PROBLEM STATEMENT » With every picture left out, give the data below back exactly.
*** EXERCISE DATA ***
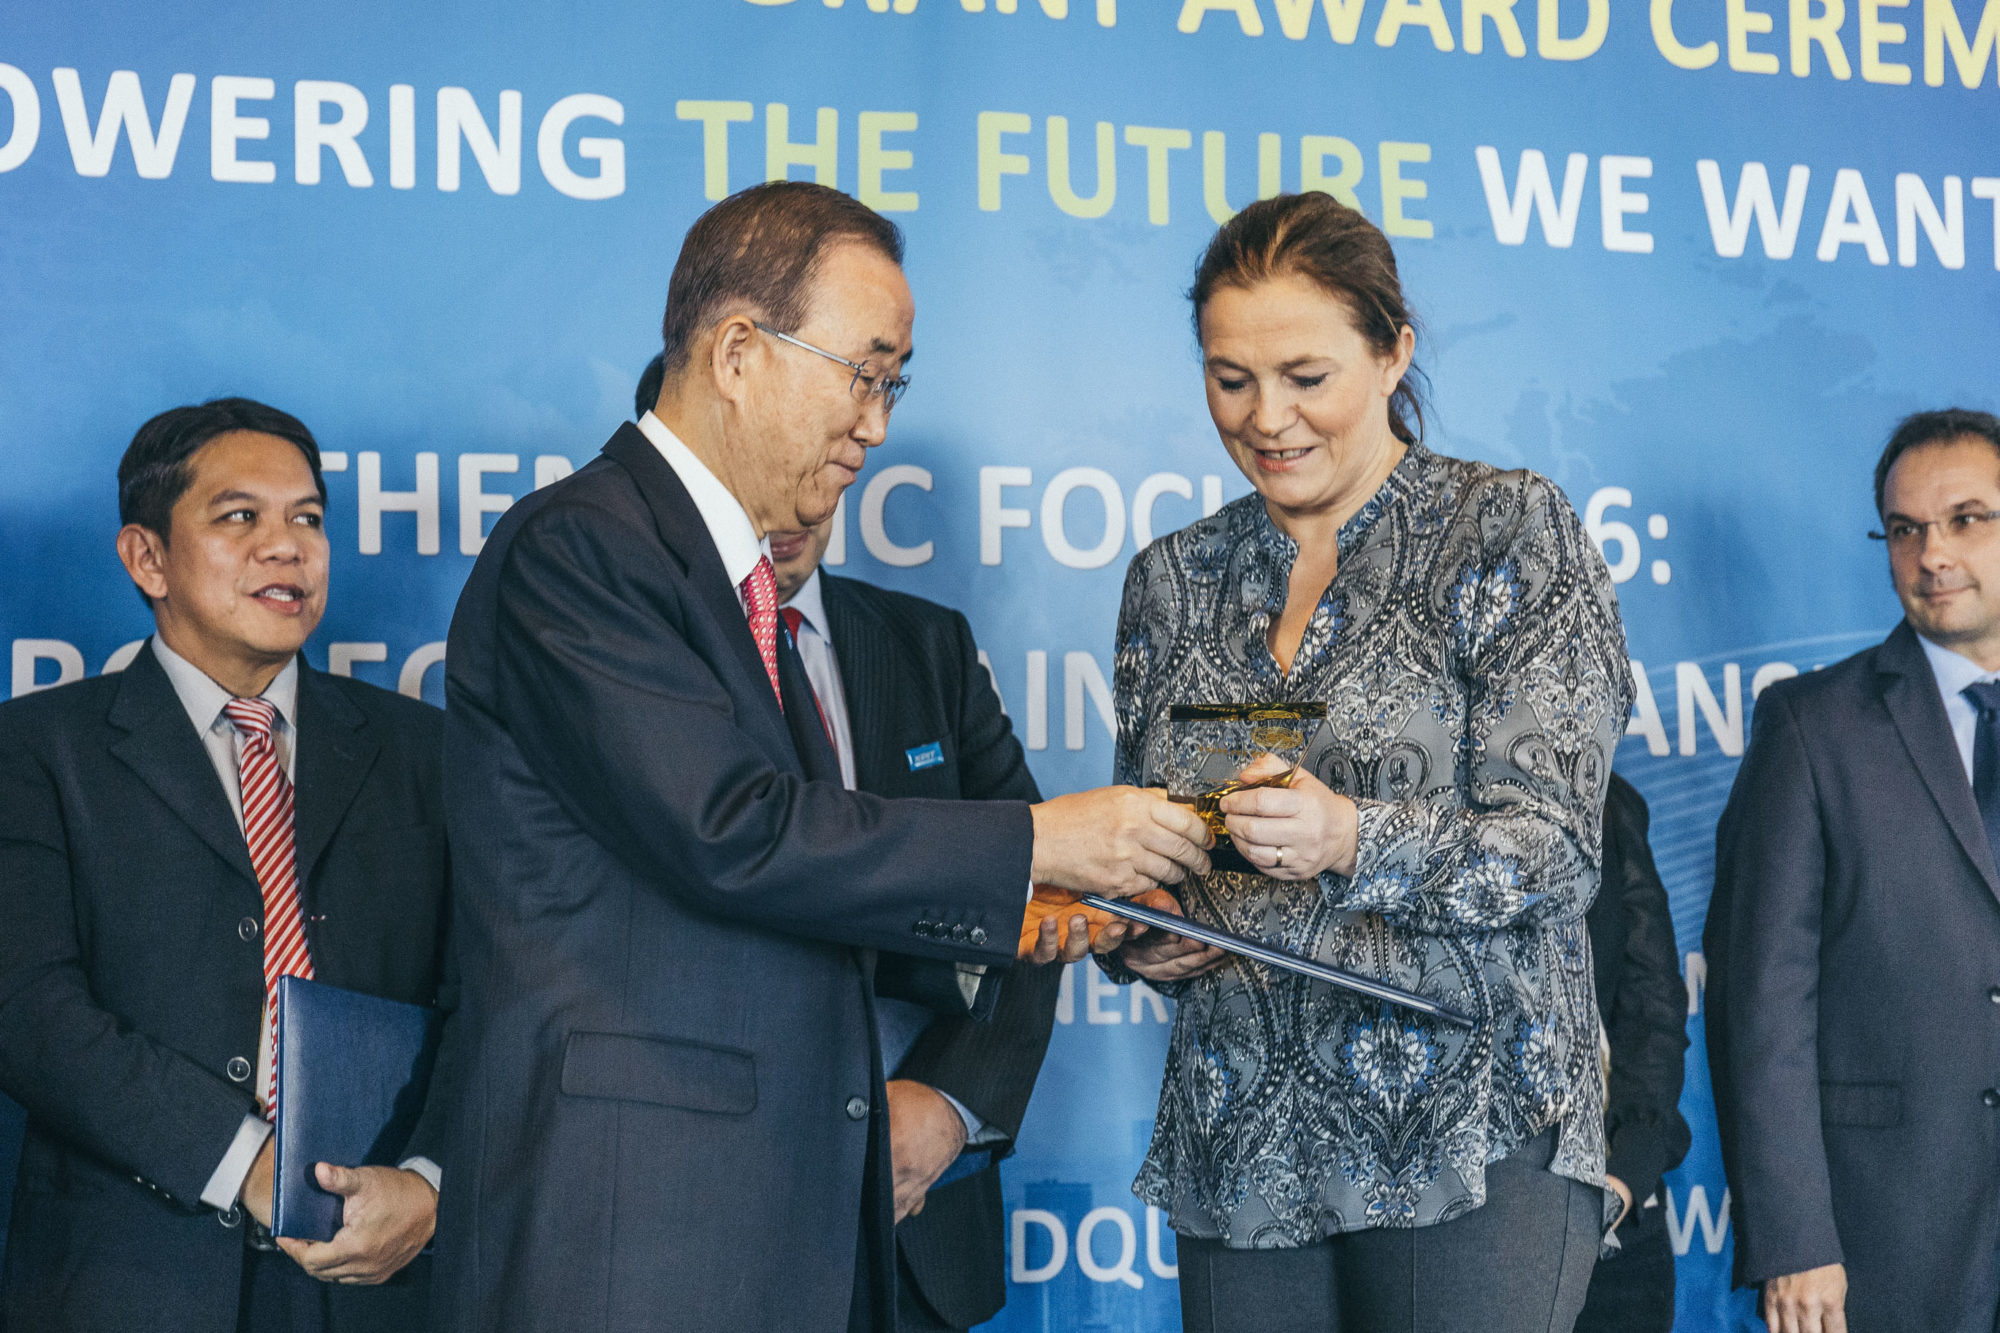 FNs generalsekretær Ban Ki-moon i samtale med SINTEF-sjef Alexandra Bech Gjørv i FN-bygningen i New York, foran himmelblå vegg, dekorert med innskriften "Powering the future we want"
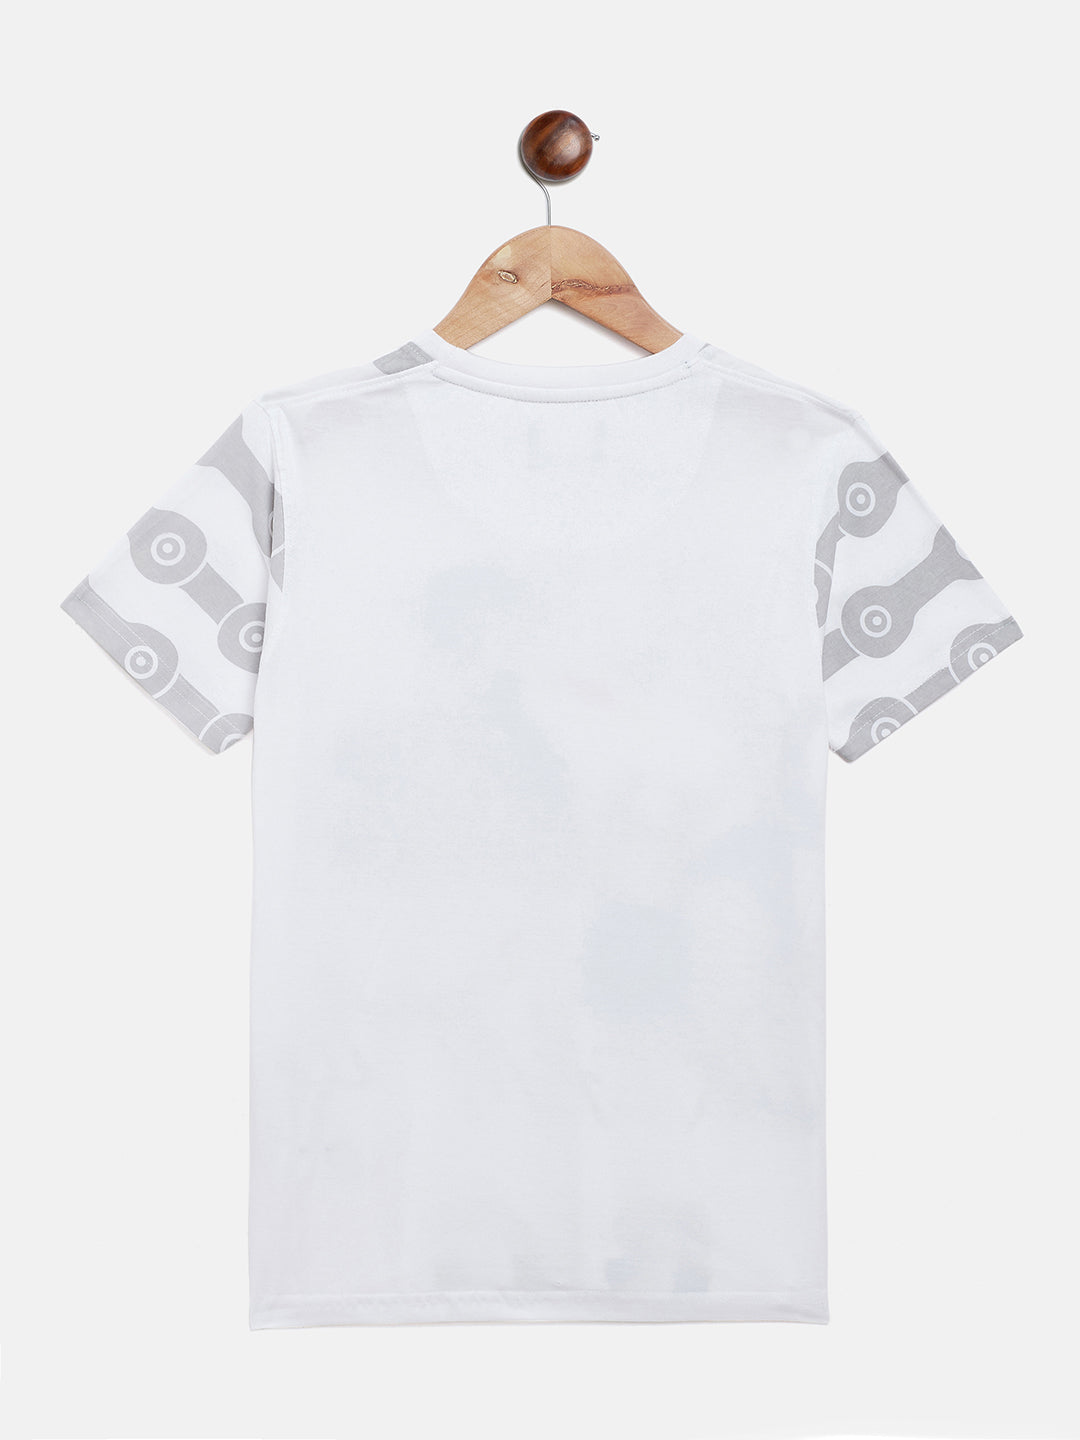 Printed White T-shirt - Boys T-Shirts
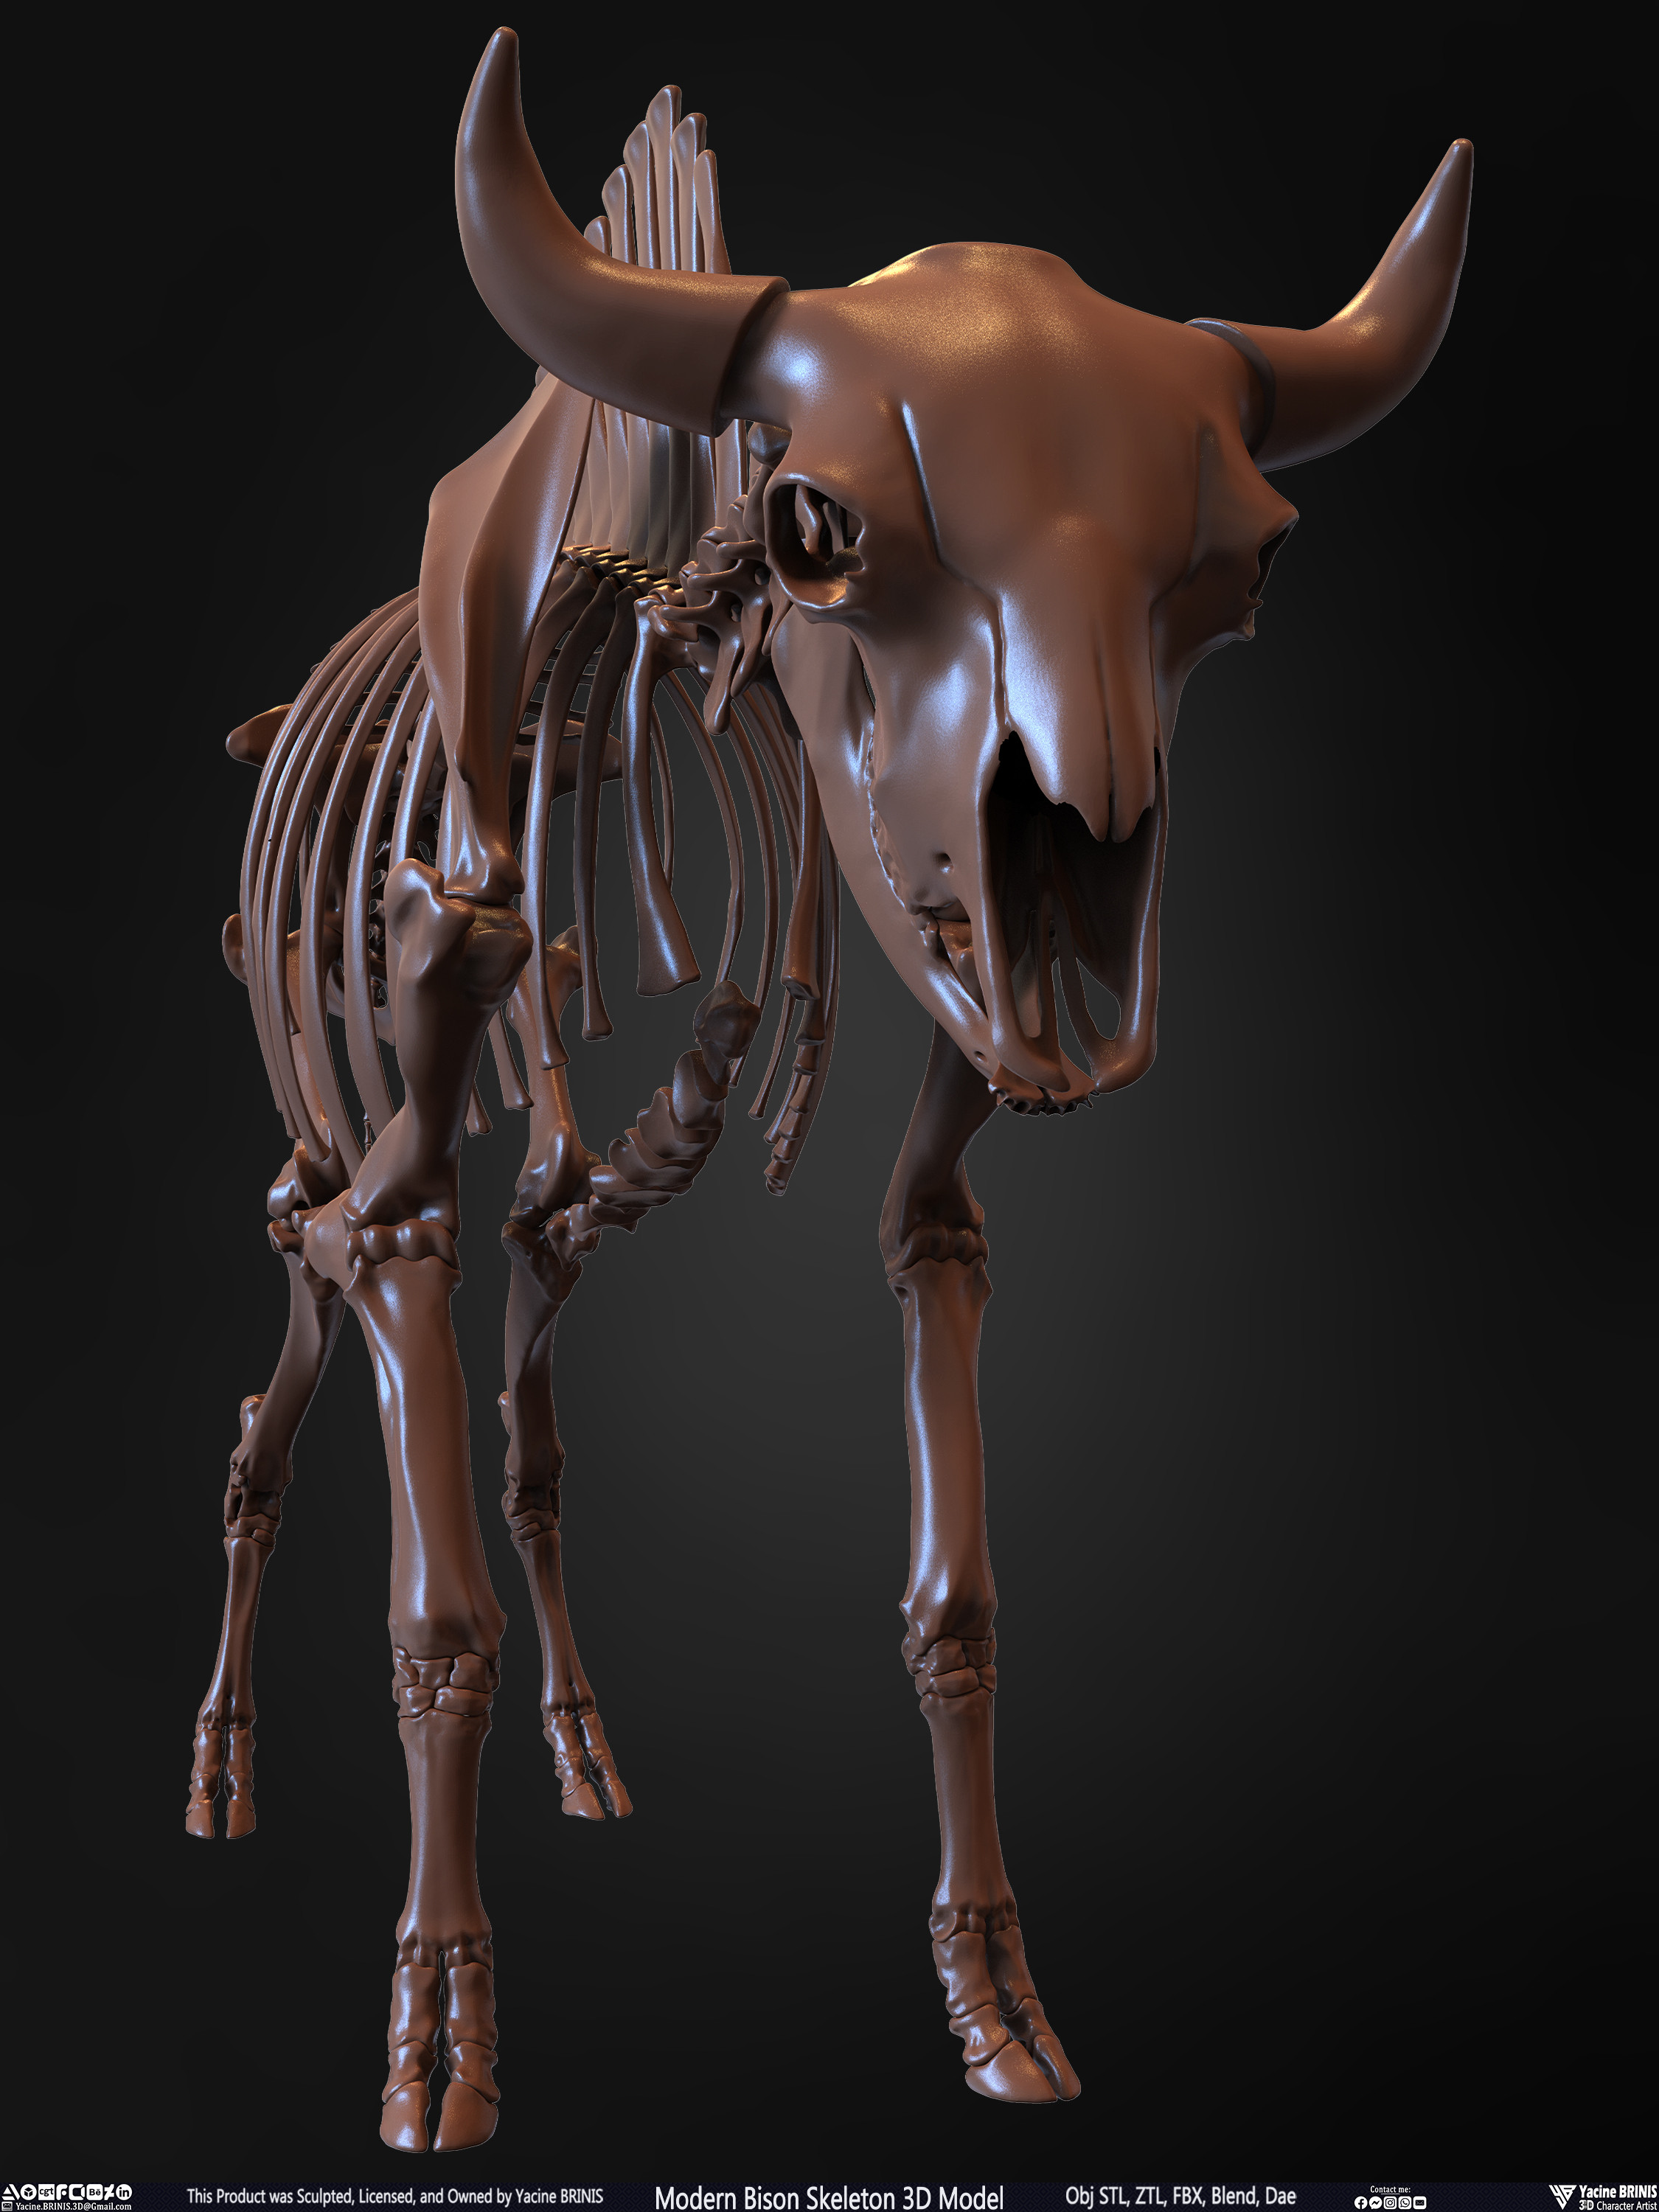 Modern Bison Skeleton 3D Model Sculpted by Yacine BRINIS Set 008
*** End of EXERCISE DATA ***
ANSWER SPACE »
 FNs generalsekretær Ban Ki-moon i samtale med SINTEF-sjef Alexandra Bech Gjørv i FN-bygningen i New York, foran himmelblå vegg, dekorert med innskriften "Powering the future we want"
 Printed White T-shirt - Boys T-Shirts
 Modern Bison Skeleton 3D Model Sculpted by Yacine BRINIS Set 008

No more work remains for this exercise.